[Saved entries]
-=-=-
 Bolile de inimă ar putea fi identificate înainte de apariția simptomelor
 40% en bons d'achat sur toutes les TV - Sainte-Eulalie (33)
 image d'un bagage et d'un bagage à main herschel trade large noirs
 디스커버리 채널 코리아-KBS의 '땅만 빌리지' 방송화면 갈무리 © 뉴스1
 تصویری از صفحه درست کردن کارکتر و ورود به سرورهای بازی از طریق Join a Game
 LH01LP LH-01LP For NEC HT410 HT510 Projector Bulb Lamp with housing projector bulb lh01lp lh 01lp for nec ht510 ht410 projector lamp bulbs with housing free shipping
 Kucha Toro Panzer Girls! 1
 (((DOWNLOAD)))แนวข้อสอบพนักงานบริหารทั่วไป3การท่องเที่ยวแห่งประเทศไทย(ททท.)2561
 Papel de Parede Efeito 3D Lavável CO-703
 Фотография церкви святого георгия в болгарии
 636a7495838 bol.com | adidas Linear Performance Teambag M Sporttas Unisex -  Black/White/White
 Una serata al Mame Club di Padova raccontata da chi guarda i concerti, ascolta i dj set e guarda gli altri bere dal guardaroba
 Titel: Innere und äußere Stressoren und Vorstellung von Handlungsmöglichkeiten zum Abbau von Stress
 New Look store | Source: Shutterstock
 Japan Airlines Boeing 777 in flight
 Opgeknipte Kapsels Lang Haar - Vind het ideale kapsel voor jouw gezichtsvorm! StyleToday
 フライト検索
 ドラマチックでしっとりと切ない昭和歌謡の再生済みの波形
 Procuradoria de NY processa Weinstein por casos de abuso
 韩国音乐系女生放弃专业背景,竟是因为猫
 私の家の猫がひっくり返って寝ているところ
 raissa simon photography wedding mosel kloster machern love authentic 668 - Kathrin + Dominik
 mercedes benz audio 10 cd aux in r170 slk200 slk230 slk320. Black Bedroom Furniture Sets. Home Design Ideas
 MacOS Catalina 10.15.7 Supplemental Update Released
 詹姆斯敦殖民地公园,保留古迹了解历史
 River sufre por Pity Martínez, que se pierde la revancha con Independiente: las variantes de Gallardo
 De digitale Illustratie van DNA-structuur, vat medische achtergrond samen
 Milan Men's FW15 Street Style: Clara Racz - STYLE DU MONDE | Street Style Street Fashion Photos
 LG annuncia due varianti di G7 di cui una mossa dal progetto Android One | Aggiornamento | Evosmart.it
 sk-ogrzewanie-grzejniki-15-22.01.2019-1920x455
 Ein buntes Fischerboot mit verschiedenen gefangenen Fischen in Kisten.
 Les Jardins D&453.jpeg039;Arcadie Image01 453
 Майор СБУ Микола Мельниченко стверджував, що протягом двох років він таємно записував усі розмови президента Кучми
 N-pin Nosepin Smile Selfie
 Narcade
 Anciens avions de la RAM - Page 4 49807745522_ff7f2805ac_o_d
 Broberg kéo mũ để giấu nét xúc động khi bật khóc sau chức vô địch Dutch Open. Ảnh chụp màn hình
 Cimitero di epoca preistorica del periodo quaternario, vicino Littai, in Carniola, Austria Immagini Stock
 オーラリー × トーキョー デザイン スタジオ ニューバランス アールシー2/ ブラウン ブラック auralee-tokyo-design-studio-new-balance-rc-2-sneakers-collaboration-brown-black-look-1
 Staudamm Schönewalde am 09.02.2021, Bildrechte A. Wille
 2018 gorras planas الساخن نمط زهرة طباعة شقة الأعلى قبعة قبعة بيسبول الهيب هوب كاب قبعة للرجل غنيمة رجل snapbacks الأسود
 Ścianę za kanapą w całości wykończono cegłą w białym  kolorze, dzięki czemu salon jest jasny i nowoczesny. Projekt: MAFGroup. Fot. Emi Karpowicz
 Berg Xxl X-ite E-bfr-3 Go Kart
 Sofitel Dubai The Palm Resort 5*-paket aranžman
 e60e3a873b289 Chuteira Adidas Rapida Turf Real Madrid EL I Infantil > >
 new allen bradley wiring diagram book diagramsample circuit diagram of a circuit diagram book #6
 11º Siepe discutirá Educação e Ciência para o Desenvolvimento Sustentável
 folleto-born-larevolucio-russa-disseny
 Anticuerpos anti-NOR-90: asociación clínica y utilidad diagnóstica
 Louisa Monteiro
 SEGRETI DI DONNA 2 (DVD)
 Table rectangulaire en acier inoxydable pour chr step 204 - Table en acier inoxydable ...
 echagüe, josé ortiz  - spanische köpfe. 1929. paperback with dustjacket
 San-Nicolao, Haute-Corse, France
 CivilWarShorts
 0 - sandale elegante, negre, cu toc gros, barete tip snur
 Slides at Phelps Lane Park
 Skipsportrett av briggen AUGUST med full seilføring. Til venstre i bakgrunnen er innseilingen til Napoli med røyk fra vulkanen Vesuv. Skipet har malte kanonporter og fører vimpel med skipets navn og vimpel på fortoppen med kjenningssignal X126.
-=-=-
WHAT IS EXPECTED
Your answer should consist of each line above in which "with" appears.

FINAL ANSWER
 LH01LP LH-01LP For NEC HT410 HT510 Projector Bulb Lamp with housing projector bulb lh01lp lh 01lp for nec ht510 ht410 projector lamp bulbs with housing free shipping
 echagüe, josé ortiz  - spanische köpfe. 1929. paperback with dustjacket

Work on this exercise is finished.